Top of EXERCISE INPUTS

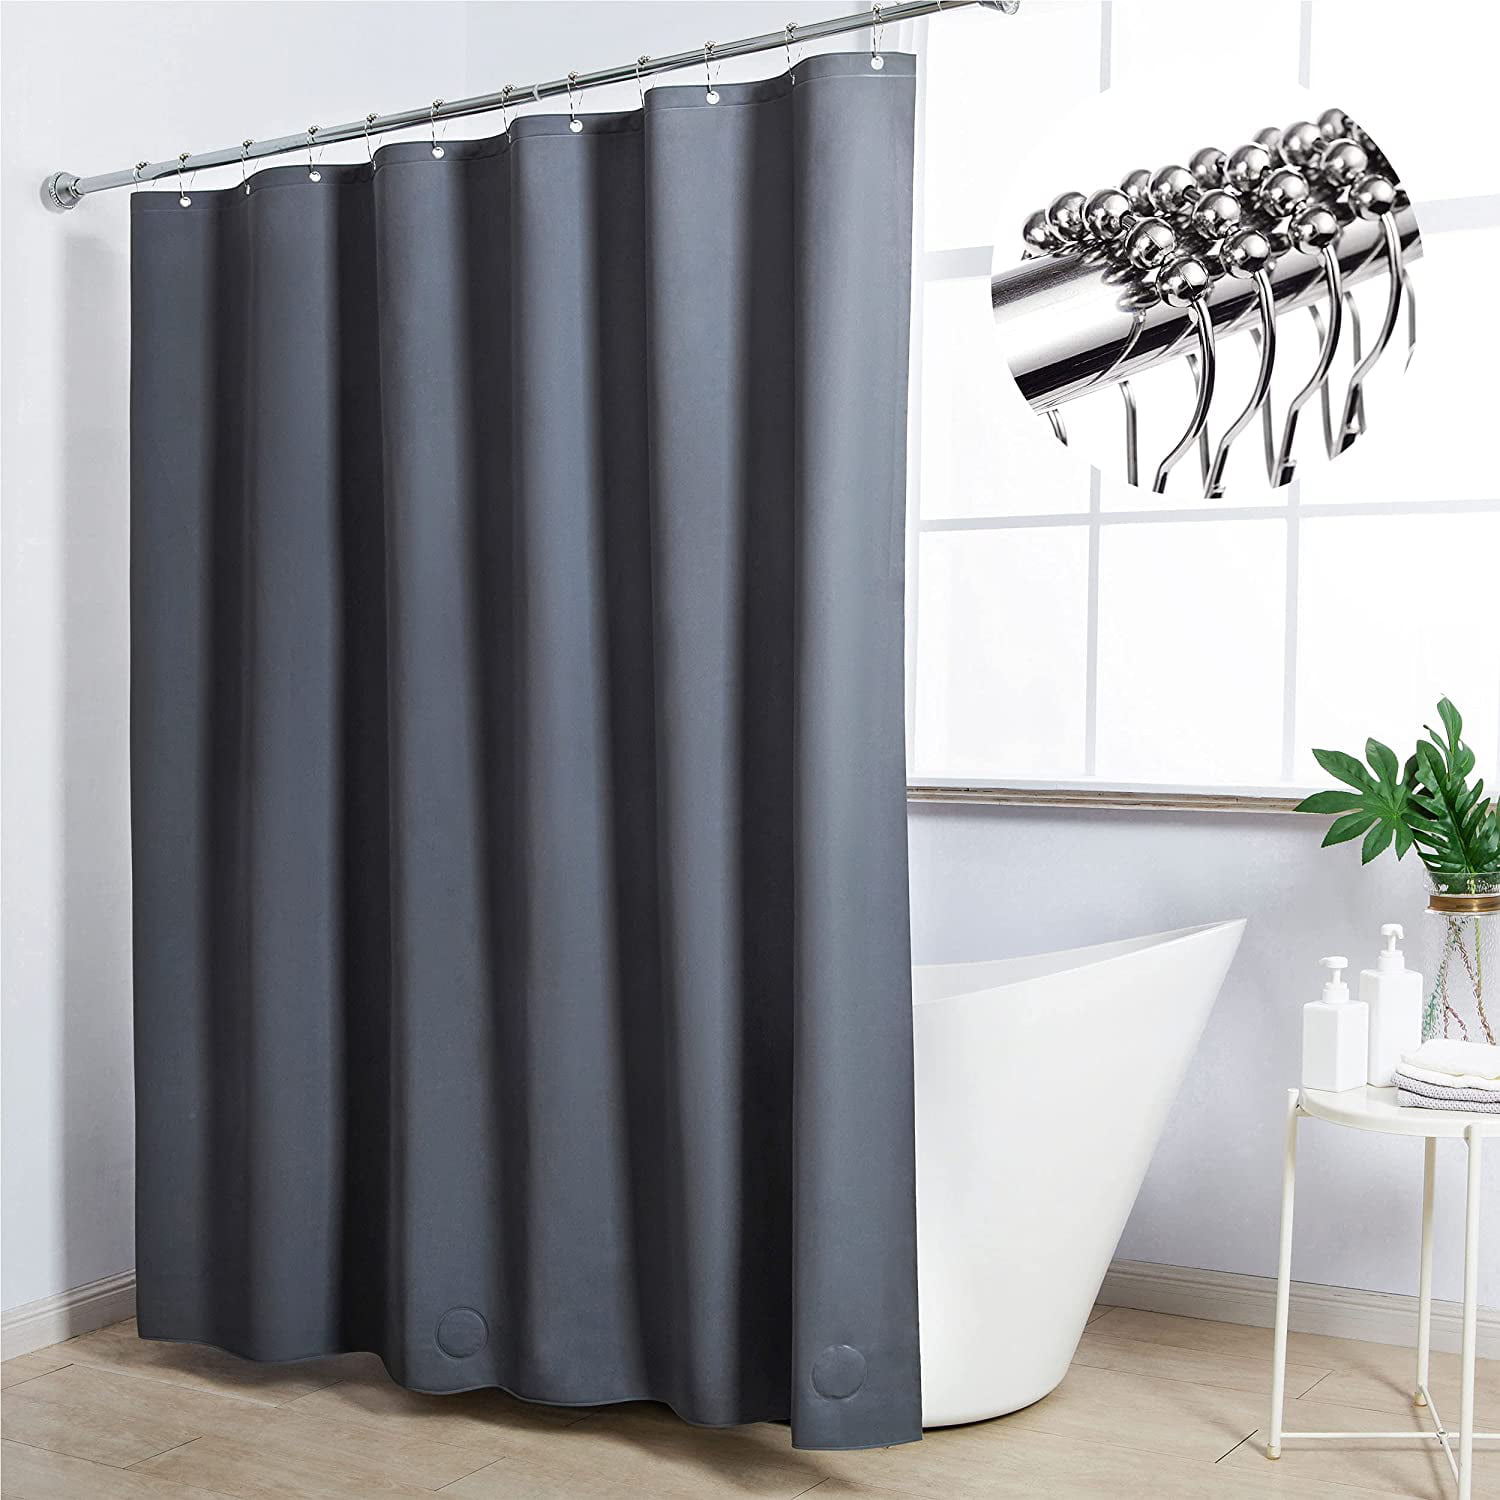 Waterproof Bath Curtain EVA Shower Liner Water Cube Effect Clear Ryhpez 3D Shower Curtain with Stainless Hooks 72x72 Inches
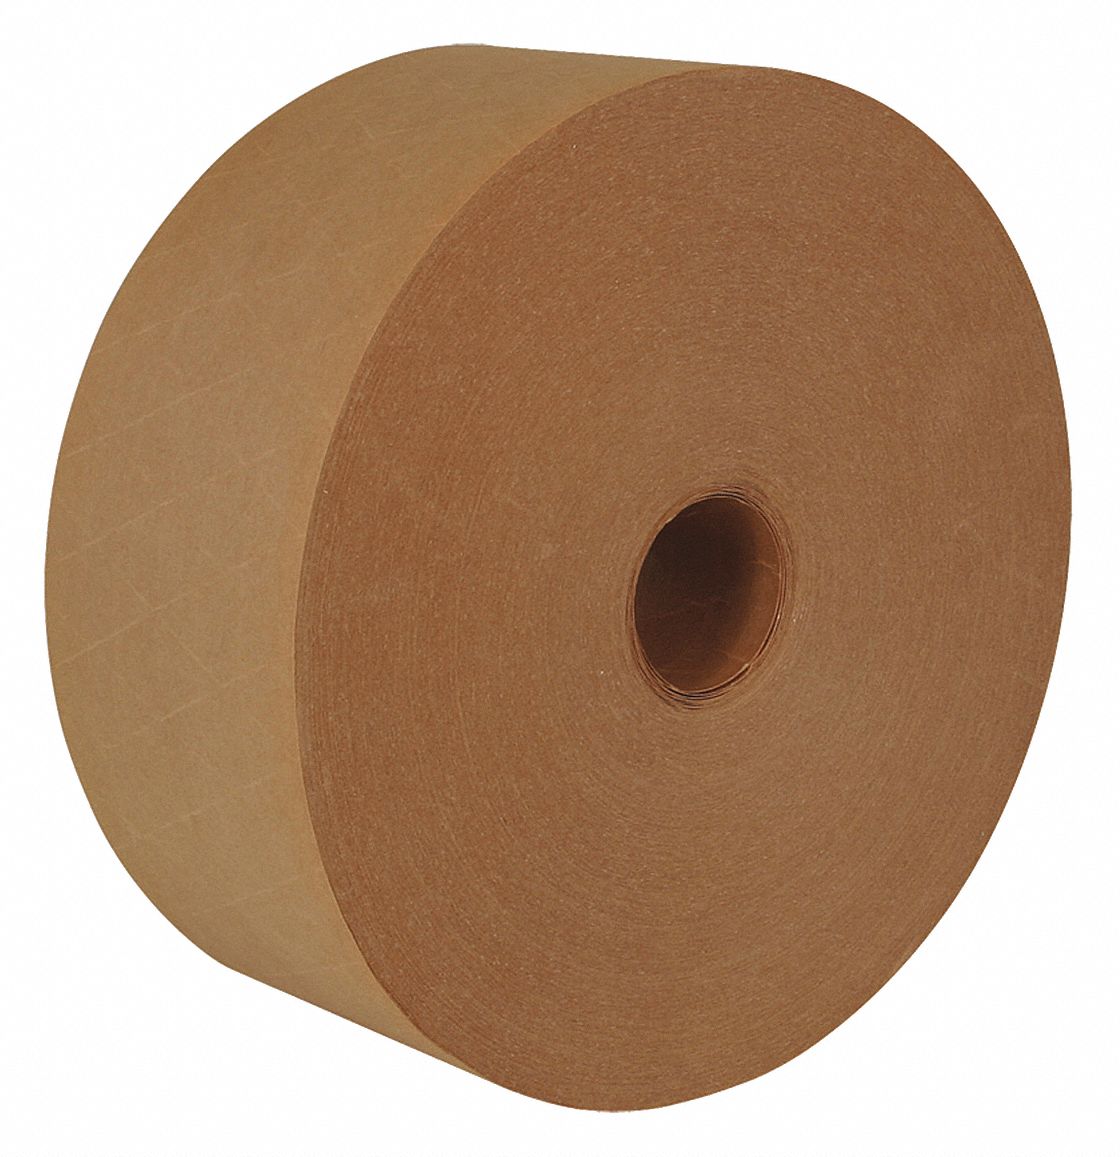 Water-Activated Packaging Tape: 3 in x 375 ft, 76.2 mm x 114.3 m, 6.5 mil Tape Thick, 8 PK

Bottom of EXERCISE INPUTS
Top of EXERCISE INPUTS

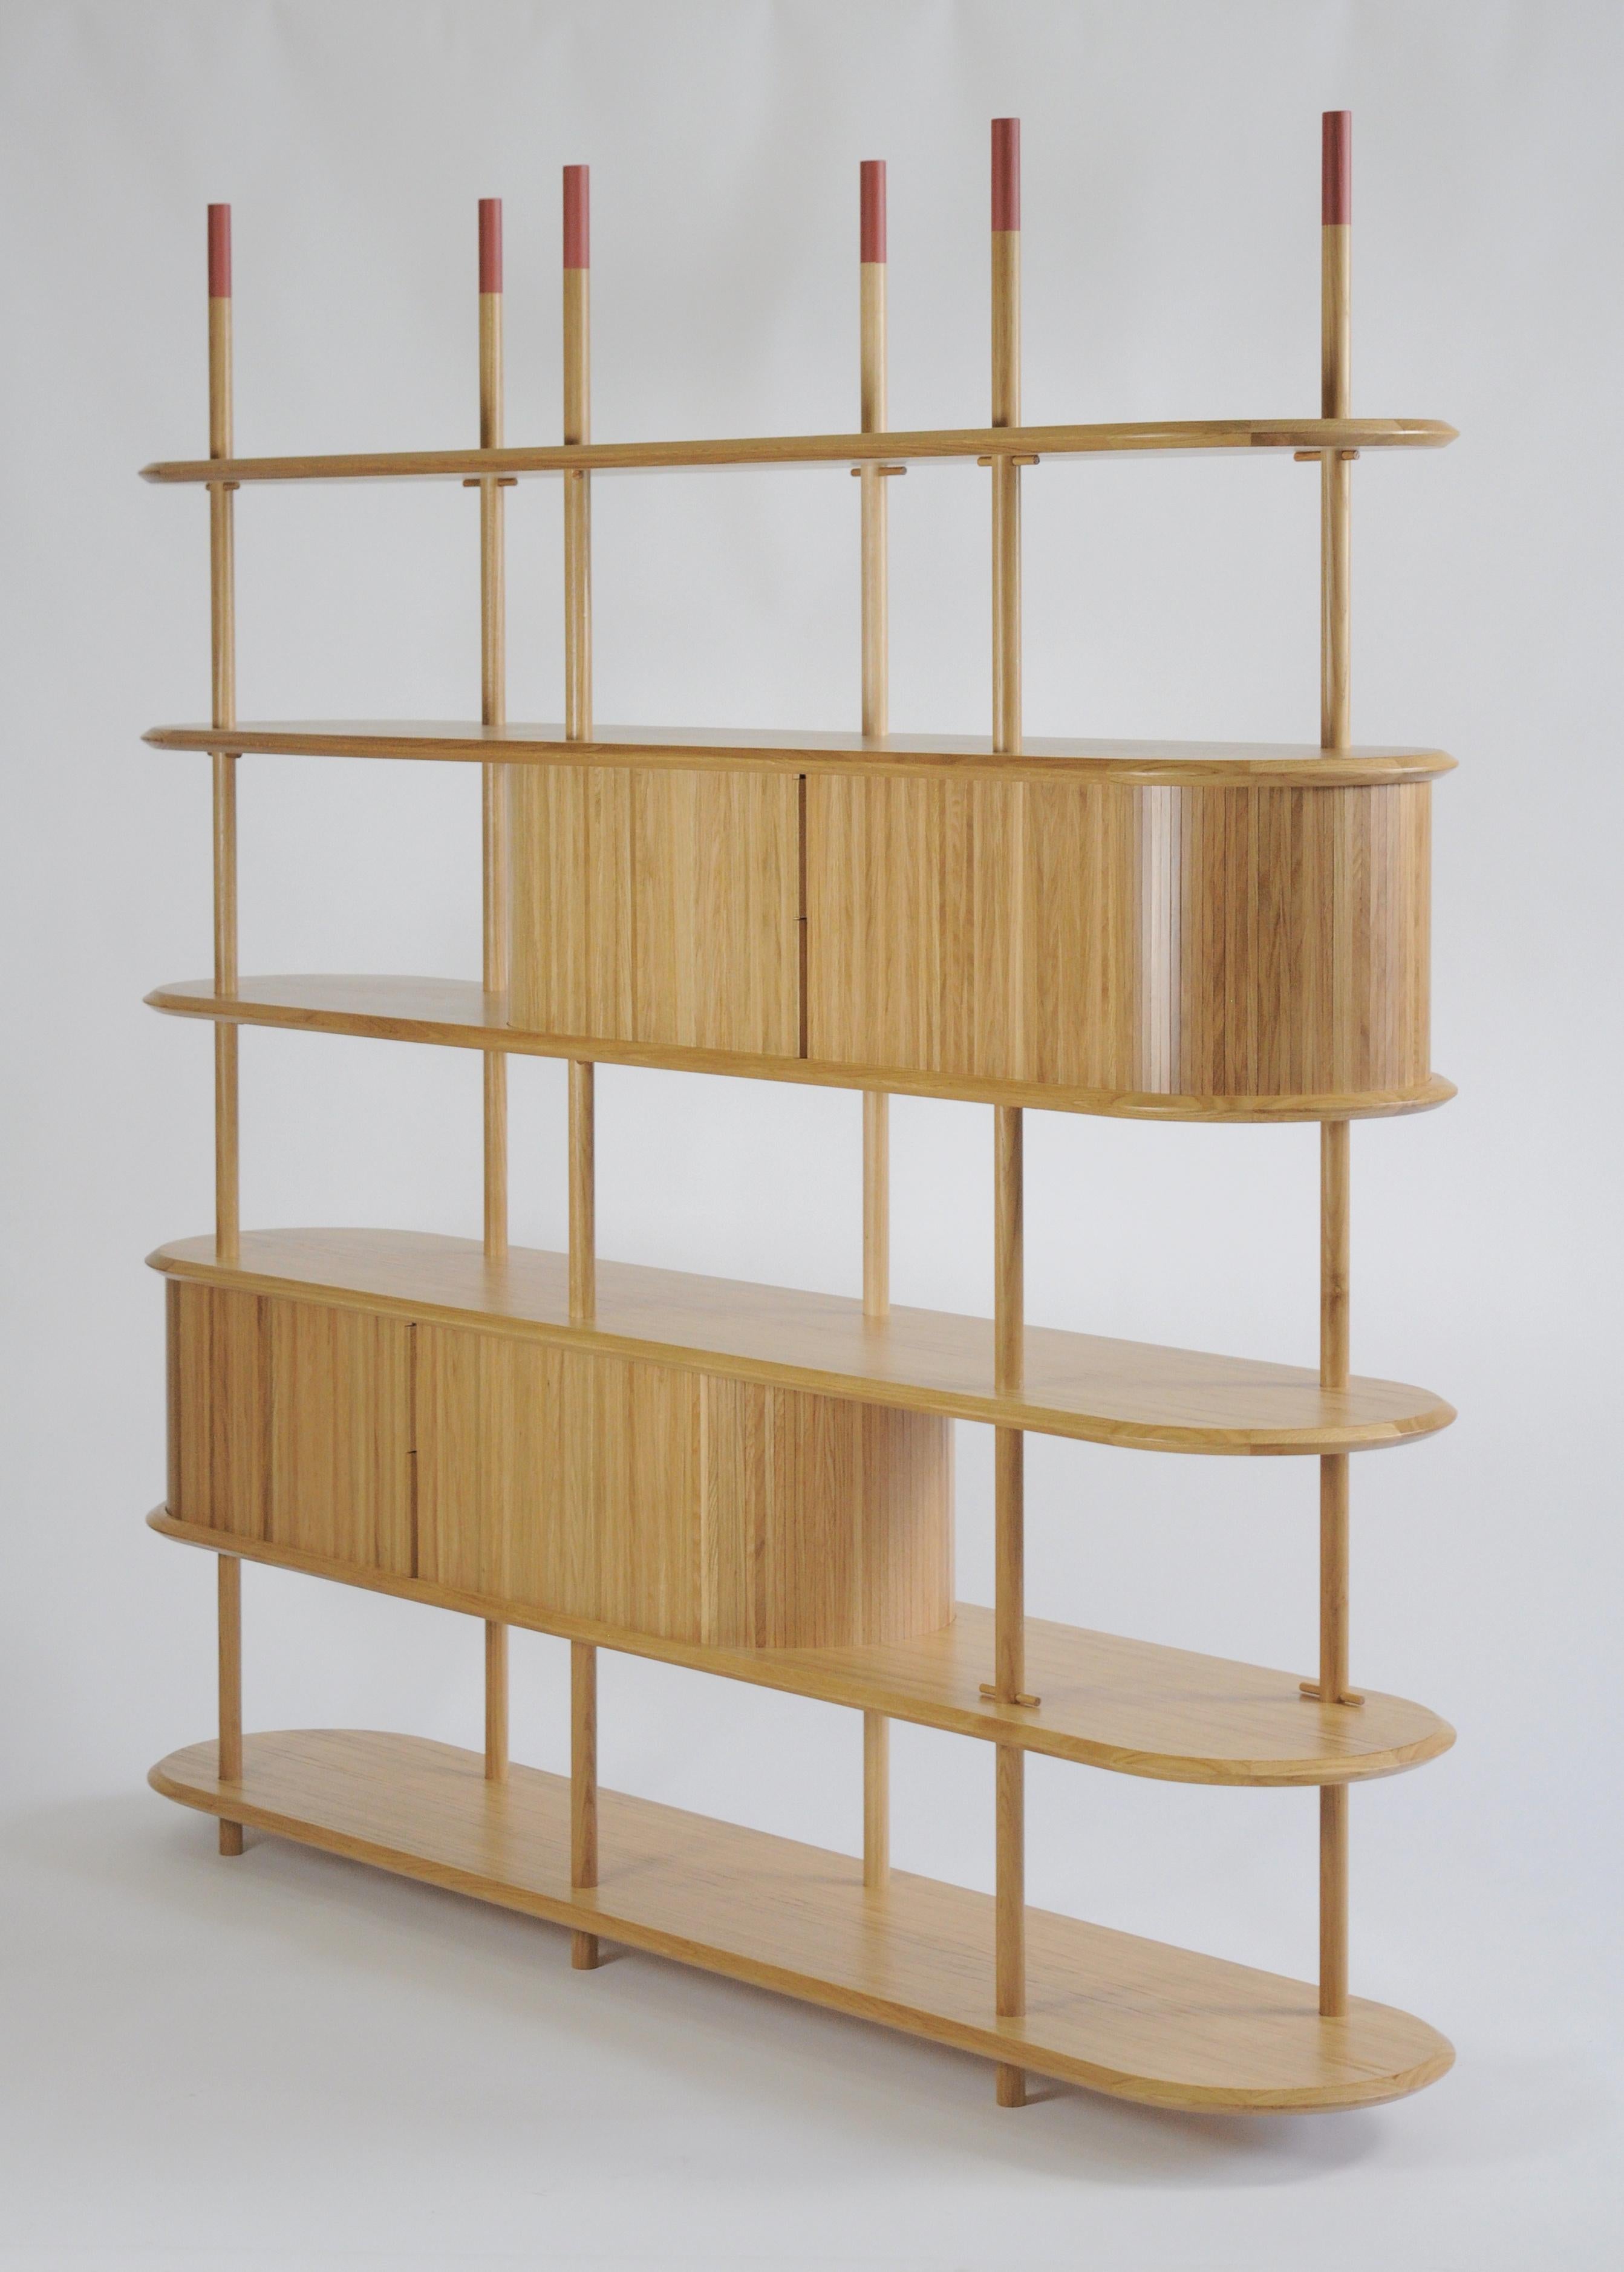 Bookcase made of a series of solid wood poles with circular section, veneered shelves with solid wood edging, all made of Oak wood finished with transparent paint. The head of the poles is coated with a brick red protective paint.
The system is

Bottom of EXERCISE INPUTS

**EXERCISE REQUIREMENTS**
Could you output exactly the lines above, from the line with "Waterproof Bath Curtain" up to and including the line with "Water-Activated Packaging Tape: 3", and nothing else, skipping the pictures?

**RESPONSE TO THE TASK**
 Waterproof Bath Curtain EVA Shower Liner Water Cube Effect Clear Ryhpez 3D Shower Curtain with Stainless Hooks 72x72 Inches
 Water-Activated Packaging Tape: 3 in x 375 ft, 76.2 mm x 114.3 m, 6.5 mil Tape Thick, 8 PK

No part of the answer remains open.